After last week’s monster of an email, I want to offer something shorter and a bit more Zen this week.

So, the normal advice to authors is to proceed from big to little. First, get the basic idea for your novel. Hammer out your elevator pitch. Plan the novel out around that. Find the big markers first: set up, basic trajectory, denouement. Sketch out your character in the broadest strokes first. Define the basics of setting and theme.

Then go round again. Add more detail. Make sure story is talking to character is talking to setting is talking to story.

And again round, always refining the details, taking that first big vision and translating it into a useable blueprint.

Then you start writing. You bash out a draft, with Jane Smiley’s advice in mind at every point: 

Every first draft is perfect because all the first draft has to do is exist.

And then you edit, working again – as before – big to small, big to small, big to small.

First you check the major plot turns are working, that your story-seals are watertight. You check that the basic structure is OK.

Then you might get onto pacing at a relatively gross level: is this scene needed? Could we compress these two chapters into one?

Then smaller and smaller, until you are fixing sentences, turning 12-word sentences into 9-word sentences and noticing that, gradually and over time, the whole book is getting faster and lighter in the water. Better. More saleable.

I said at the start with this was the ‘normal’ advice and it is. I give it myself. I think that the basic model is the way to go.

But …

It’s not the only way to go, is it? The week before last, I wrote an email (here) about one author’s attempt to secure an agent. The gist was that the author was great, she’d done our UNWC course which is super-great, and an agent LOVED her work, yay, … except that the agent ended up saying no anyway. The email turned into a bit of a meditation on elevator pitches and trying to stay true to that basic original vision with every page.

OK, All standard, wholesome fare. Except that when I do these emails based on the actual experience of an actual author, I always change names. A Kay might become a Carlotta, or a Carlotta the Mighty, or a Silesian princess called Karolina, or whatever the heck.

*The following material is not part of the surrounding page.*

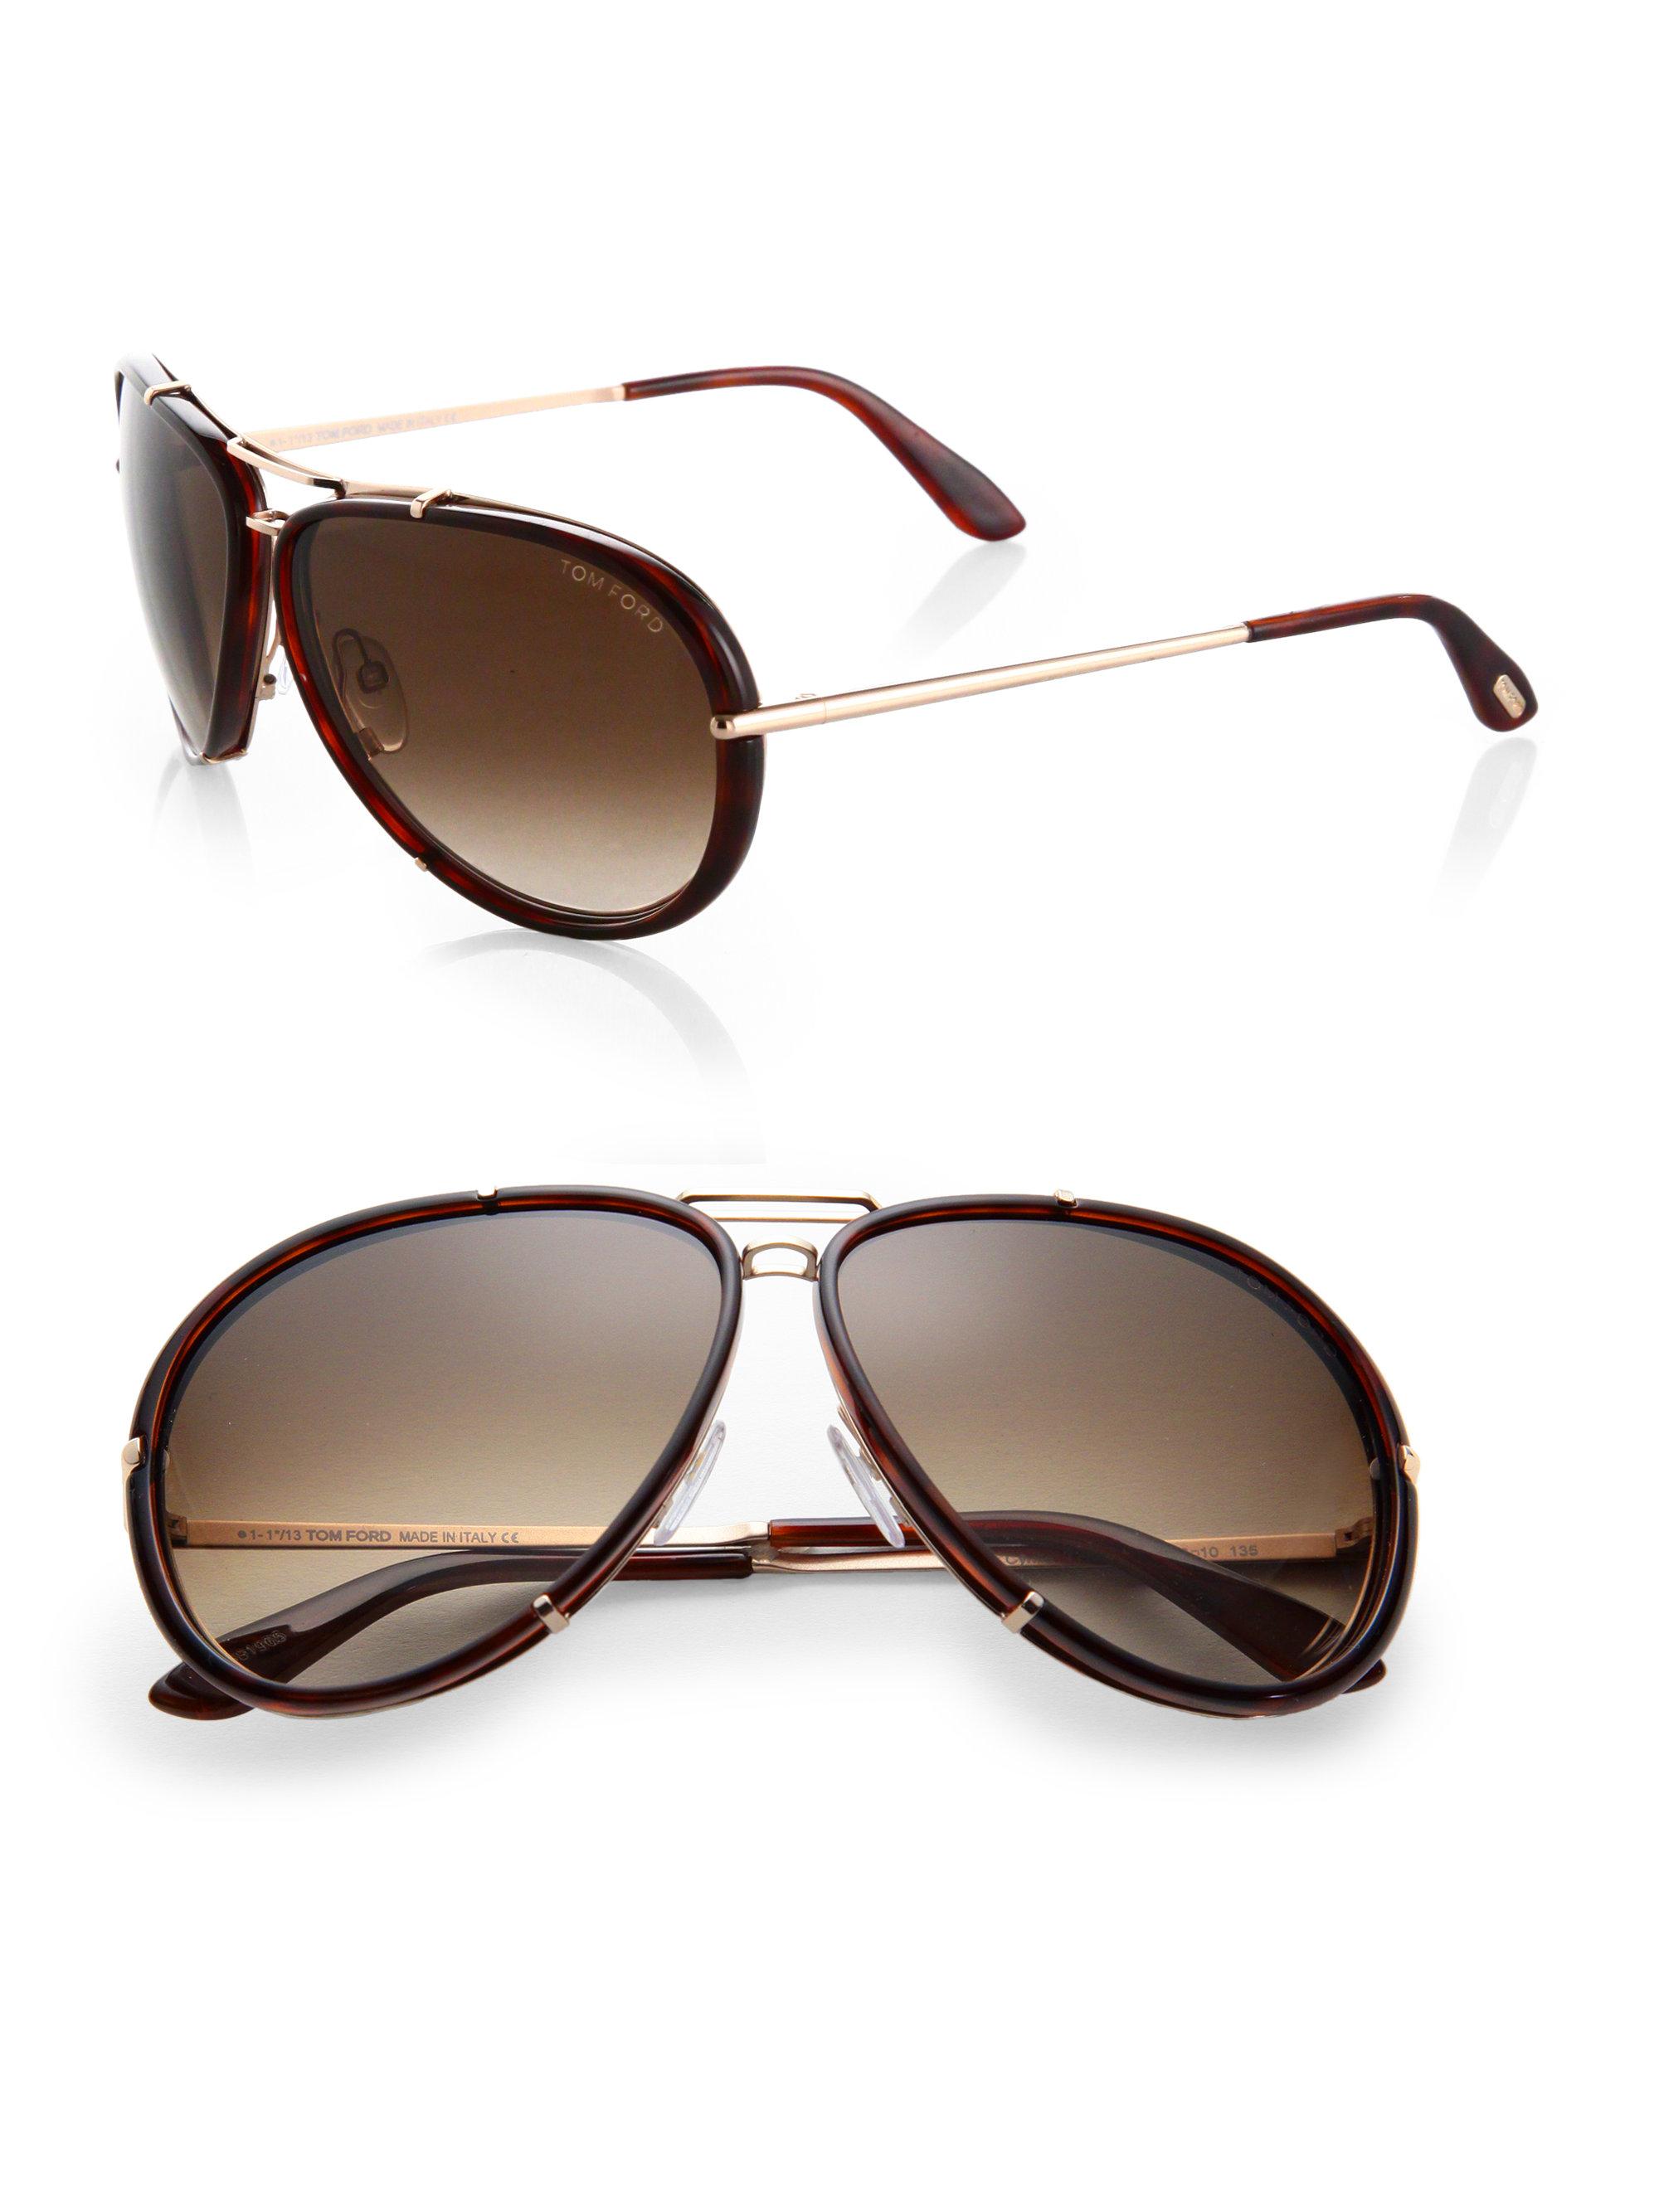 a702fbb21da Tom Ford Cyrille 63Mm Aviator Sunglasses in Brown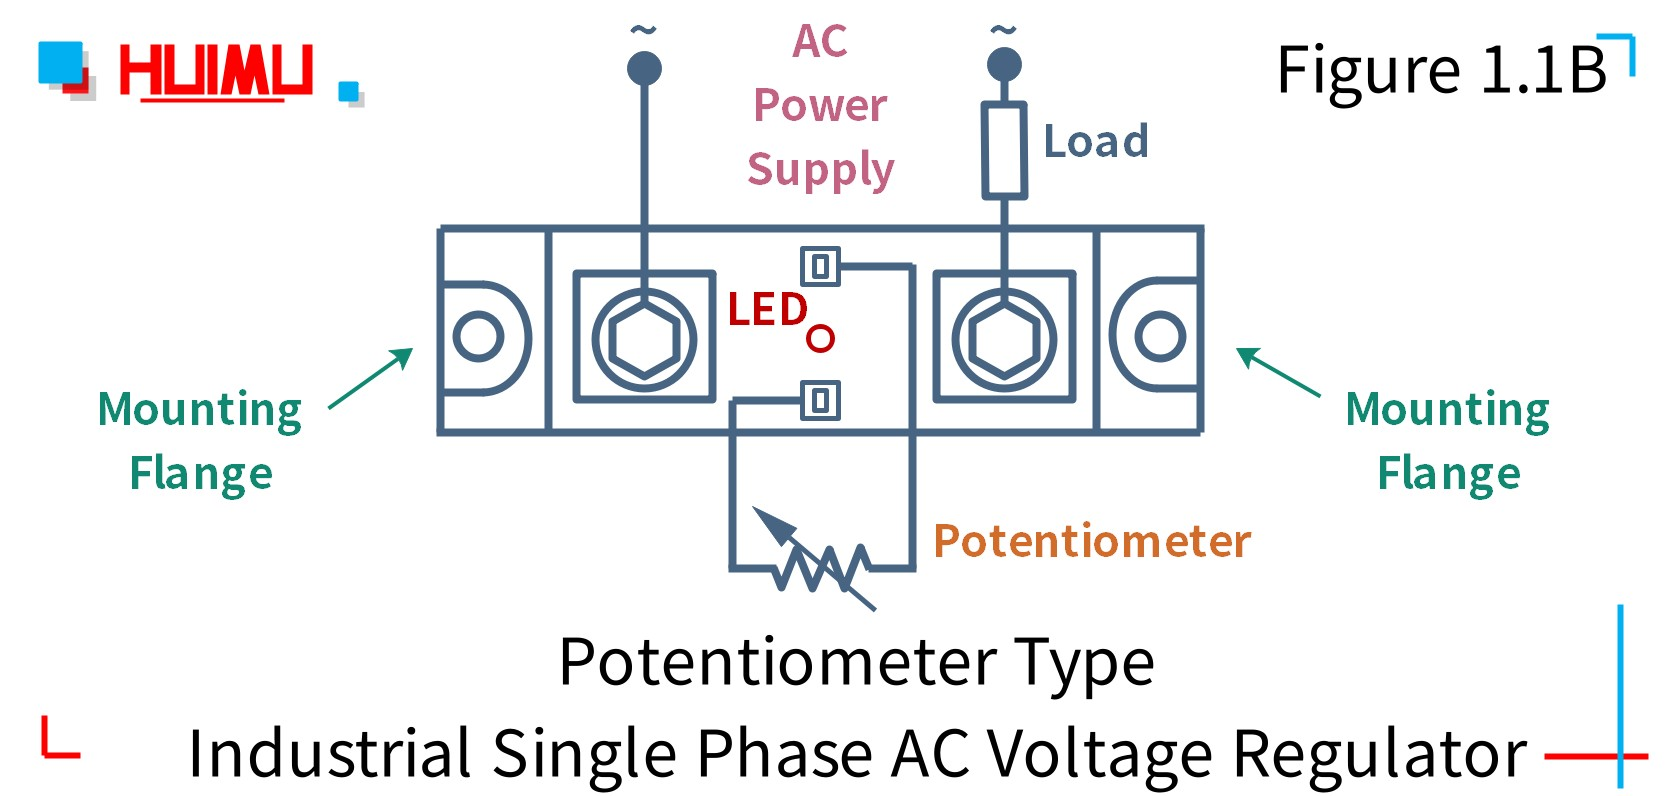 How to wire MGR mager MGR-HVR120A, MGR-HVR200A potentiometer type single phase AC voltage regulator? More detail via www.@huimultd.com

On this occasion, the author who inspired my email was a woman with a normal Anglo-type name beginning with J. I wanted to stick with that opening initial and find a woman’s name that appealed.

I went to one of those baby-name finder websites and scrolled through some Js. The name that most appealed was Jaroslawa, largely because I just liked the sound. Then I noticed that the root of the name means ‘fierce and glorious’.

So my Jaroslawa become an “accomplished circus trick rider, a part-time intelligence officer, and a highly skilled swordswoman”. In line with her general fierce gloriousness, and her ability with a sword, I said that when she received the agent’s rejection she “smote the heads off a couple of cabbages with her swordstick.”

There wasn’t any strategy here, no plan for the future. I just wanted a name beginning with J, found Jaroslawa, then discovered I had something ‘fierce and glorious’. Once I wrote the line about cabbages, I toyed with the idea that, over the course of the email, she would go through her entire kitchen garden decapitating vegetables.

That idea felt tempting but hard to deliver – how do you decapitate a runner bean? – so I took a different route, and gave her a castle, a forest extending to thousands of acres, and a hunt that accounted for a stag, some badgers, and so on.

Then she was in Ukraine, meting out justice.

Then finally, she “uprooted fourteen oak trees, tore the top off a mountain, hurled a cloud as far as Ireland, and quenched her thirst by swallowing a waterfall.”

In other words, she started out colourful but ended up in the realm of pure myth. And, because in the end we were only talking about agents and elevator pitches and the actual author involved quite likely does not have a castle or an extreme lust for bloodsports, the whole thing was pleasantly absurd as well.

Was the email better for those flights of fancy? I think it was. Indeed, if the email lingers in the mind, it’ll probably be because (a) there was a ridiculous flight of fancy that involved castles and cloud-throwing and that kind of thing and (b) there was some modestly helpful advice about elevator pitches.

The point of this analysis is simply this: I didn’t start out with the whole castle-and-cloud idea at all. I simply looked for an appealing name beginning with J. The whole thing started from there.

So yes, please, in general plan from big to small, write from big to small, and edit from big to small. That’s good advice and I mostly follow it.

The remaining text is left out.